# Tribute for Zelda 25th anniversary



## Cyan (Apr 6, 2011)

[youtube]r1mhfHklIRQ[/youtube]​
I hope it wasn't already posted.

Here is the final picture.
zelda_25th_anniversary.jpg

Author : ag+
Author's webpage : http://www.pixiv.net/member.php?id=900067



Looking at the picture after the video, I can see details which I didn't see in the video.
It's great to see all the characters from the series (though, there are some of them which I don't recognize).


----------



## duffmmann (Apr 6, 2011)

Wow, that is nothing short of beautiful.


----------



## Narayan (Apr 6, 2011)

it's so freaking awesome!!!! Epic!!

i love the image.


----------



## Zorua (Apr 6, 2011)

Wow. Now that's what I call art!


----------



## Raika (Apr 6, 2011)

That's amazing. O_O
*saves image*


----------



## Vigilante (Apr 6, 2011)

Epic!
Looks great without doubt.


----------



## Cyan (Apr 6, 2011)

I should give a try to Painter one day. The paint effect is nice.
I only use Open Canvas for drawing (I don't like photoshop for making a picture, the tools are more for modification than creation).


About the picture, here are the characters I didn't recognize :
- The dragon on the right, under Ganon. It's a random boss ?
- The married couple on the left
- the masked guy and woman just above the couple
- all the characters between the boat and the hat. who are they representing ? (just some common citizen ? or important people I forgot ?)
- the woman on the left of Agahnim (the magician with the ball-moon)
- the masked children (except the one on the center, I don't recognize the other mask)

Which game of the series are they from?
Maybe there's also imaginary people from the artist.
Also, I didn't play all the DS games yet.
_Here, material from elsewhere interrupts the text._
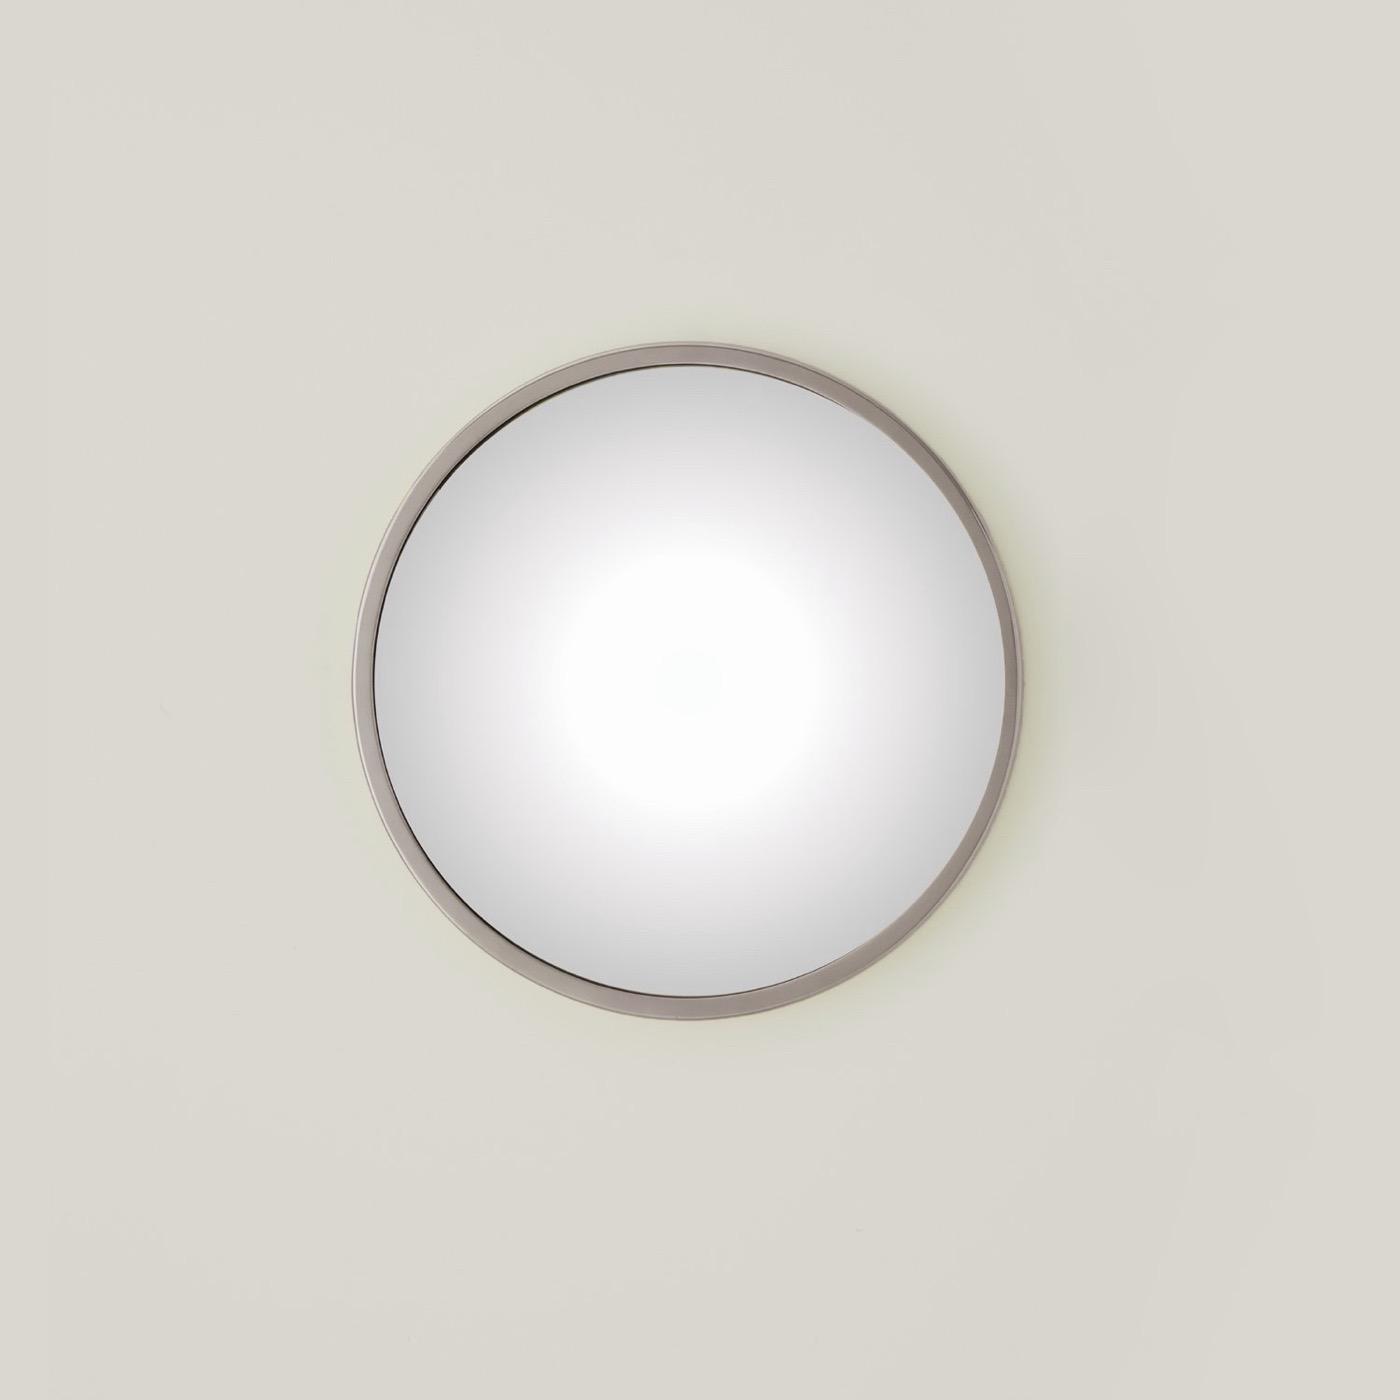 Lamar Wall Mirrors | Nickel

For people who didn't realized, at the very top are the 3 Hyrule's goddesses who created the Triforce
Just bellow are the seven sages (from Zelda 3).


----------



## jumpman17 (Apr 6, 2011)

What devil magic is this? These videos always amaze me.


----------



## nasune (Apr 6, 2011)

Cyan said:
			
		

> About the picture, here are the characters I didn't recognize :
> - The dragon on the right, under Ganon. It's a random boss ?
> *It's volvagia, from OoT*
> - The married couple on the left
> ...


----------



## Cyan (Apr 6, 2011)

Thanks 
	

	
	
		
		

		
			





I don't remember very well MM and OoT, I guess it's the occasion to play it again on 3DS 
	

	
	
		
		

		
		
	


	



(I hope there will be a MM remake too).
I didn't complete all the OoA/OoS yet. (they are on my playlist).


----------



## tj_cool (Apr 6, 2011)

Cyan said:
			
		

> - all the characters between the boat and the hat. who are they representing ? (just some common citizen ? or important people I forgot ?)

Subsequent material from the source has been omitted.